After acquiring content from a source it needs to be analyzed. Ideally the content comes directly from a content management system including associated metadata and thus is free of any user interface components, advertising etc.. Unfortunately this is most often not the case.
Depending on system capabilities and accessibility private content sources normally deliver an entire data set consisting of raw data plus associated meta data (author, access rights, usage rights, source, references, tags …). In contrast public content sources in general deliver data in an unstructured form. Meta data is either mixed into the content or missing at all.
So in a first step non-content related data needs to be detected and eliminated. Content elements need to be identified. The remaining content needs to be tagged, categorized and indexed.
Relevancer’s Analysis Engine performs these tasks in four steps:
In a first step non-content related data such as ads, user interface controls, linked content etc. is identified and eliminated based on intelligent content recognition algorithms.
Content Element Identification
Content elements such as headline, subhead, byline, lead, body, pictures, videos are detected and source, location and publishing date are registered. Finally the purified content is stored in a database together with the related meta data.
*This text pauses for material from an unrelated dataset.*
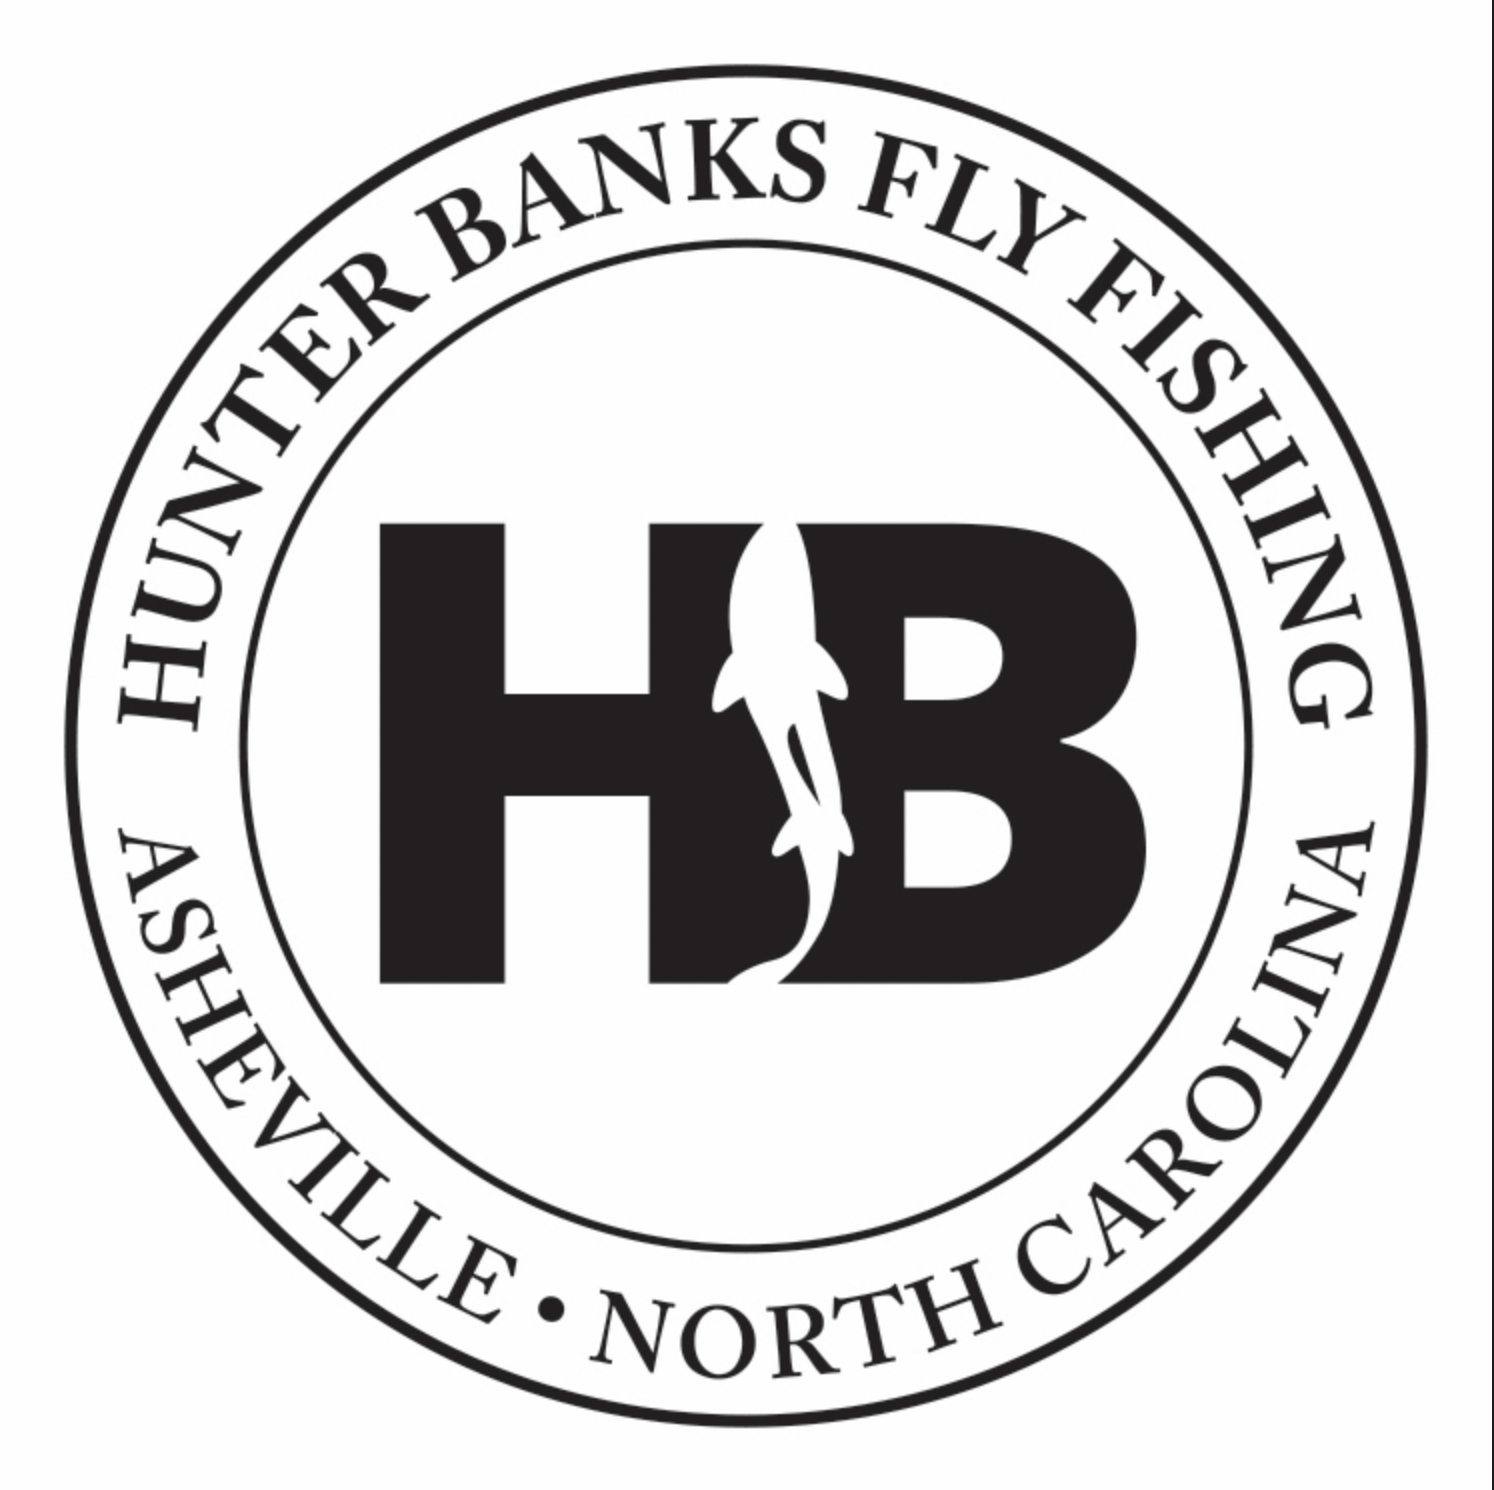 Hunter Banks Fly FIshing

Now stop words are eliminated based on stop word lists and ontologies. The remaining content is analyzed using semantic technologies. Based on their relation, position in sentences and statistical analysis correlations between terms are detected and represented in mathematical form.
Tagging, Categorizing and Indexing
Using the result of the semantic analysis tags are defined, the content is linked to categories and indexed for high-performance search.
Relevancer’s Analysis Engine performs semantic analysis in 21 languages and processes up to 500,000 documents per CPU. The generated index delivers semantic search results within less than 1 second even for very large data sets.